Heidelberg (Germany) – Taxes on cigarettes in Germany should rise sharply in order to discourage smoking among the young in particular, cancer researchers said on Wednesday.
“We are proposing a tax increase of 30 per cent in three steps,” Ute Mons, Head of the Cancer-prevention Section of the German Cancer Research Centre (DKFZ), said in the south-western university city of Heidelberg.

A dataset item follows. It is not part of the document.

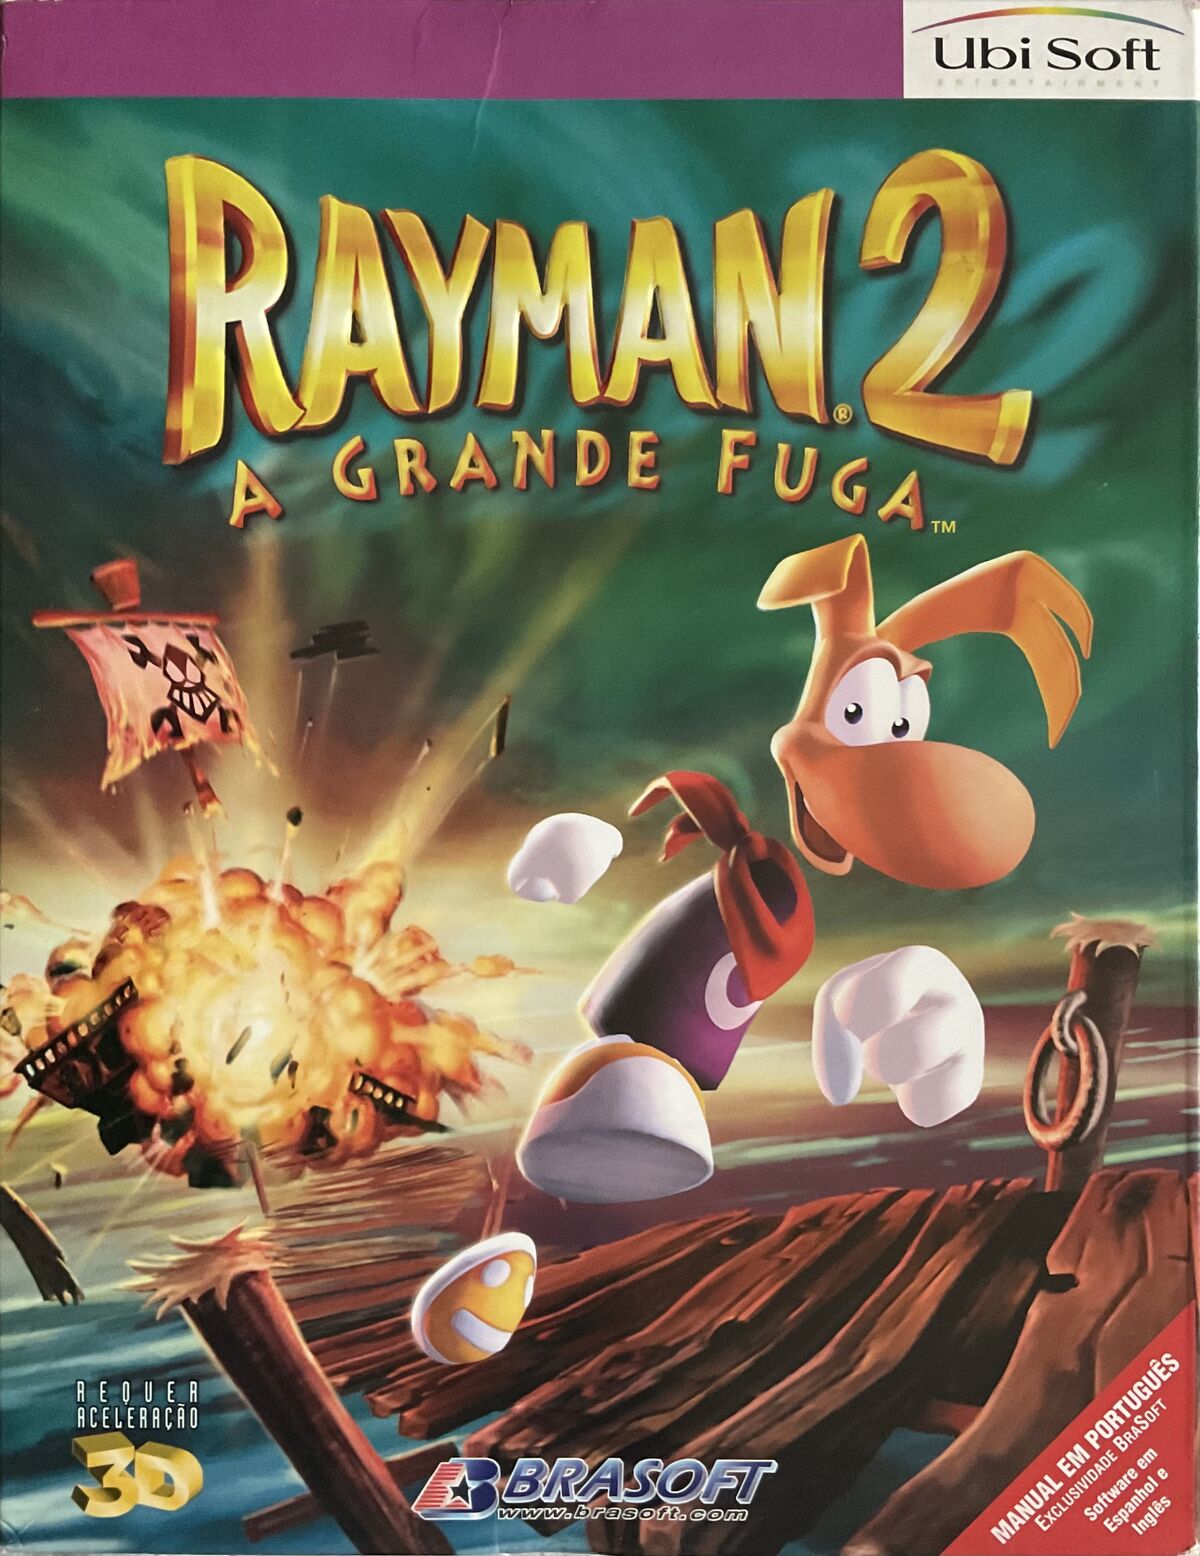 Rayman: do pior ao melhor segundo a crítica

Higher prices had a strong deterrent effect, particularly on price-conscious young people; Mons told the DKFZ’s 17th German anti-smoking conference.
Standard cigarettes in Germany cost some 6.50 Euros (7.20 dollars) for a pack of around 20 cigarettes.
Mons called for 2040 to be set as the target for a smoke-free Germany, as Finland has already decided. Increasing taxes was the most effective method, she said.
“Smoking is the most important and avoidable risk factor for non-transmissible diseases, such as cancer, heart and lung illnesses,” she said.
Mons put deaths from smoking – with 26 per cent of men and 18.5 per cent of women in Germany indulging – at 120,000 per year.
Tobias Effertz of Hamburg University estimates that the economic costs of smoking have risen from almost 80 billion euros in 2008 to 97.2 billion euros in 2018.
If these costs were included in the price, it would rise to 14 euros for a pack.